The protective effect also seems to decrease with an increase in the child’s age, so families getting a dog when their kids are, say, 10 years old will reap fewer benefits than families who have one from the beginning.

The second study looked at the effect of dog exposure on children with asthma in Baltimore, Md. — asthma is more commonly found in children living in urban settings — and found that the allergens and bacteria found on dogs may have a protective effect against asthma symptoms. However, the effect did not hold true for children who were already allergic to dogs.

“Among urban children with asthma who were allergic to dogs, spending time with a dog might be associated with two different effects,” said Dr. Po-Yang Tsou, lead author of the study. “There seems to be a protective effect on asthma of non-allergen dog-associated exposures, and a harmful effect of allergen exposure.”

The relationship between immunity and animals is not new. Rates of asthma and eczema have been increasing exponentially in industrialized nations over the past three decades, inspiring in the late 1980s a theory known as the hygiene hypothesis.

As the thinking goes, lack of early exposure to pathogens, bacteria and parasites — common during our past days on farms, and today in third world countries — can lead to an underdeveloped immune system.

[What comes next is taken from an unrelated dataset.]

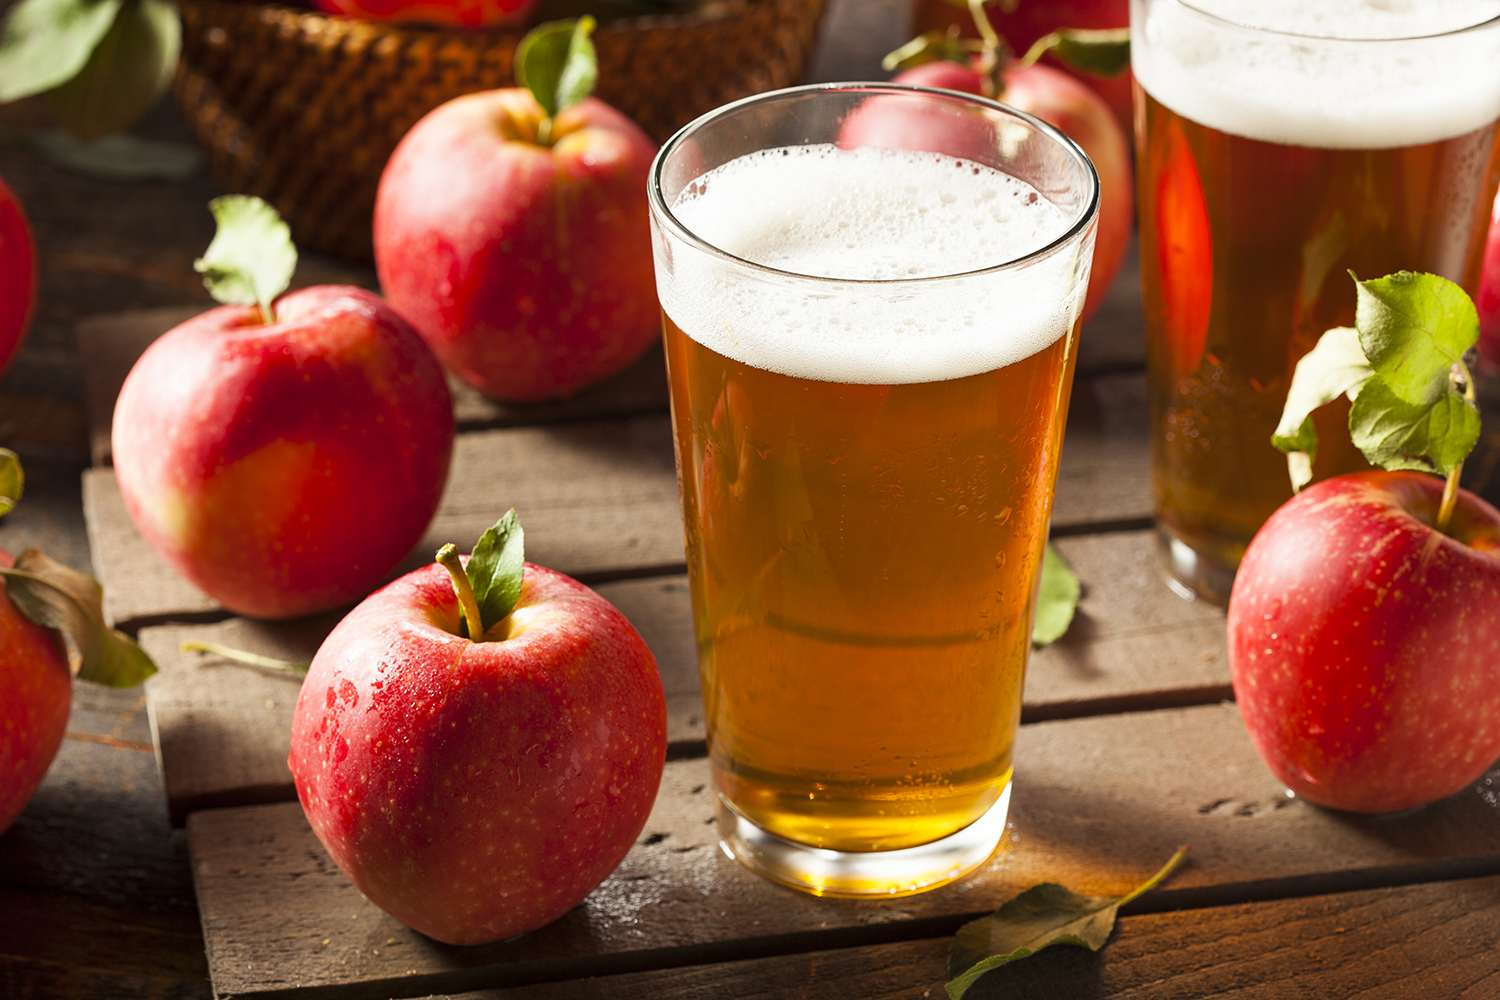 Best Apple Cider Recipe - How to Make Homemade Apple Cider

In other words, babies who crawl around on clean, sterile, dog-hair-free floors and eat a packaged, processed diet are failing to develop the complex biome of microbes that used to protect against chronic inflammatory diseases.  

Adding to the evidence is the fact asthma and eczema rates are significantly lower in developing nations, where children’s contact with animals, parasites and bacteria is unavoidable.

Recent studies, however, are taking a harder look at the hygiene hypothesis, especially when it comes to asthma. Rates are increasing in both the developing world and urban environments, leading some scientists to wonder if lifestyle factors like lack of exercise and obesity, rather than microbiome, could be responsible.

“Different bacteria and fungi affect different diseases differently, and affect different children differently,” Dr. Jack Gilbert, director of the Microbiome Center and a professor of surgery at the University of Chicago, told The New York Times. “We don’t understand the interactions between the immune system, the genome, and all the other components of the body as well as we could.”